We know how scary it is to lose a child in situations like these, and as parents, many of us understand how frustrating it is to have kids wander off even after you remind them a million times to stay with you. That said, if you do lose your child, please don’t yell, scream at or hit your child when you are reunited. It is, however, okay to hug your child a lot and cry if you need to. (Don’t be embarrassed, we see it several times a day.)

 Lost Kids/Parents FAQ

Q: Why don’t you follow the popular Code Adam protocol for handling lost children?  Why don’t you lock down the exits?

A: For those not familiar with Code Adam, it is a popular “missing child” protocol for handling lost/missing children, and it has become the standard operating procedure in many grocery stores, shopping malls, amusement parks, government buildings, etc. Our protocol shares many of the same main steps, in terms of announcing, reporting descriptions, alerting exits, etc. There are some parts of the Code Adam protocol that are simply not applicable or logistically feasible in our setting. Unlike a building with walls or even permanent fencing, “locking down the exits” at the farm is not practical, since anyone intent on getting out of the farm could do so avoiding the exit. We also have the benefit of having law enforcement officers already onsite for many days of the festival. Given the size of the festival grounds, the number of things around to engage/distract kids, and the average time it takes for a lost child at the farm to realize that s/he is lost, the 10 minute time frame for calling in law enforcement is not practical; after all, in often takes longer than that for a child to go just once through the line for a popular slide.

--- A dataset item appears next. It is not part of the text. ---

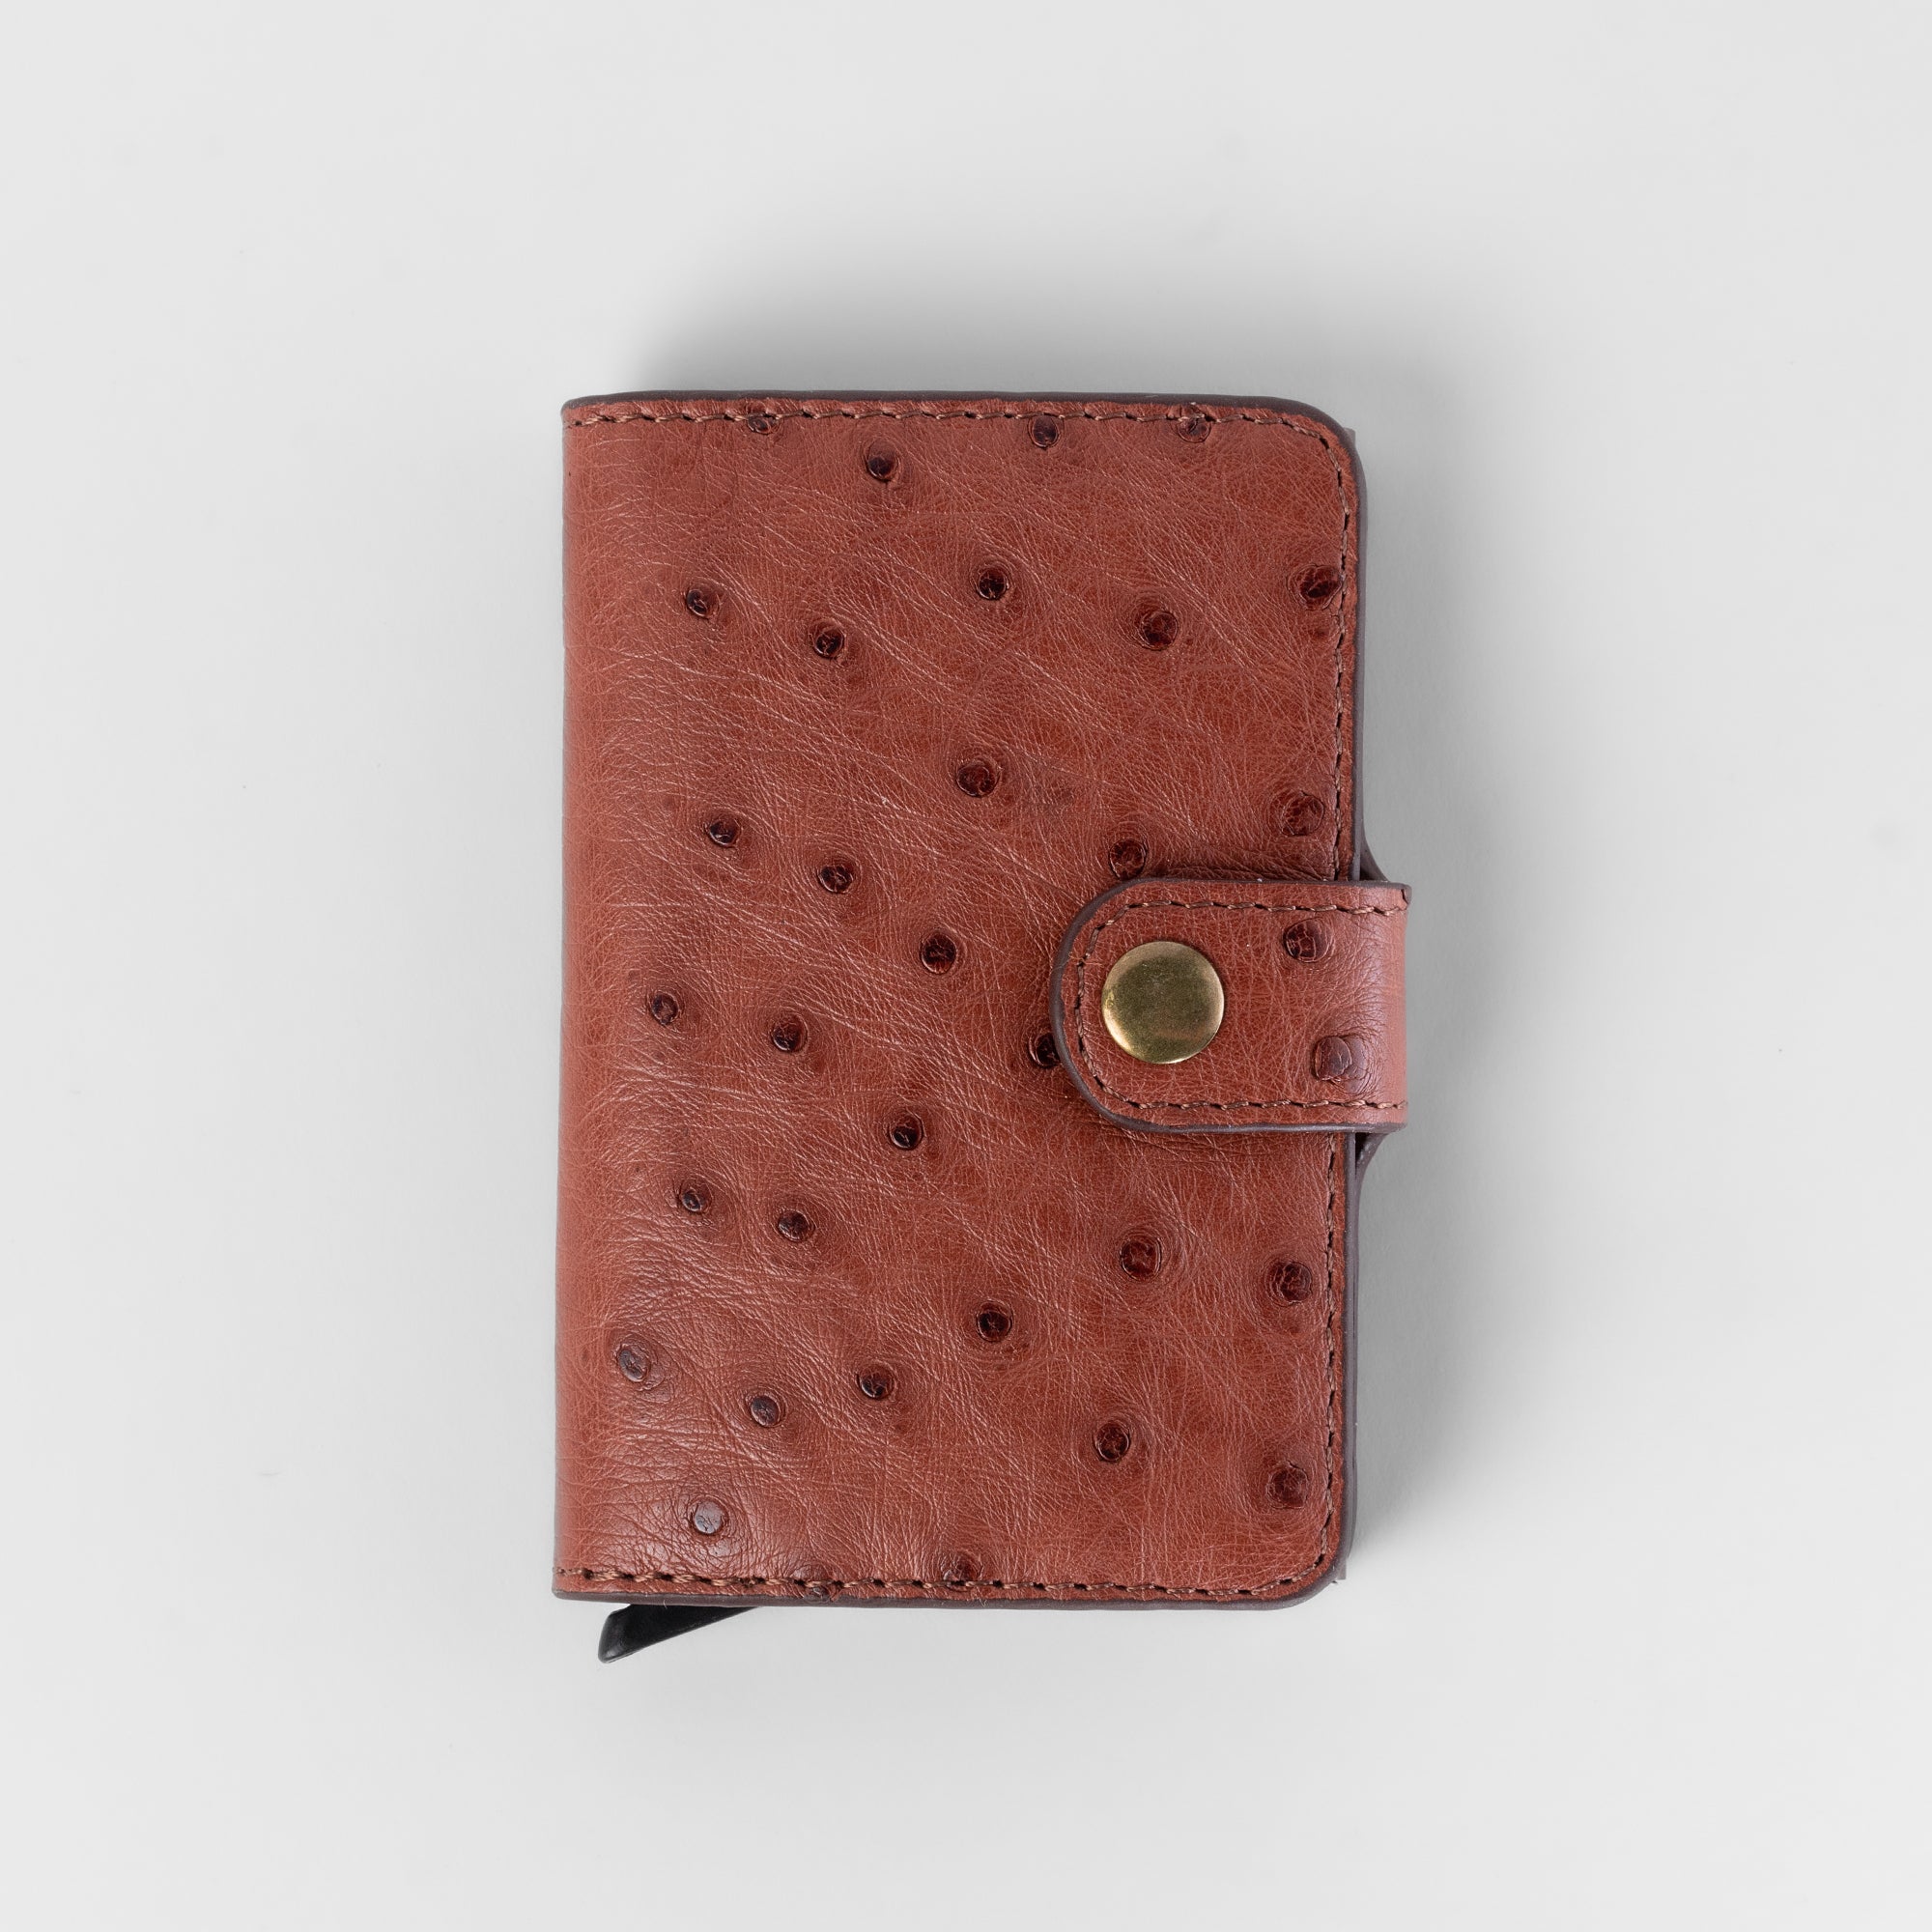 Agustine, Ostrich Leather Quick Card Access Wallet

Q: Why don’t you announce/page lost parents and children on the main stage?

A: We have found that while this is reassuring to many parents, its effectiveness is actually very limited due to the layout of the festival grounds. We do not have a farm-wide speaker system; we use walkie-talkie radios instead. That is the system we use to announce lost kids and parents to our employees all across the farm. (And yes, given the number of kids lost on busy days and the speed at which they are usually reunited, it would be really disruptive to announce and describe each child and then announce again when they are reunited minutes later.)

Q: What is the BYC (Big Yellow Chair), and how is it used?

A: The Big Yellow Chair is one of our oldest official “meeting points” at the Fall Festival. Many visitors simply know it as a perennial favorite photo opportunity! (Yes, the original has been replaced several times, as they do get a lot of traffic!) Between the big rope swings and the Milking Parlor, you’ll see two giant yellow chairs. Some parents designate this as their meeting spot, an agreed place that all parties will go to if they get separated. Depending on where on the farm the child/parent is lost, we sometimes use this as our gathering place for lost kids/parents, so that one or two employees (or police officers) can keep tabs on multiple kids, freeing up the rest of us to search more efficiently. Please note that the BYC is generally not a staffed/monitored station.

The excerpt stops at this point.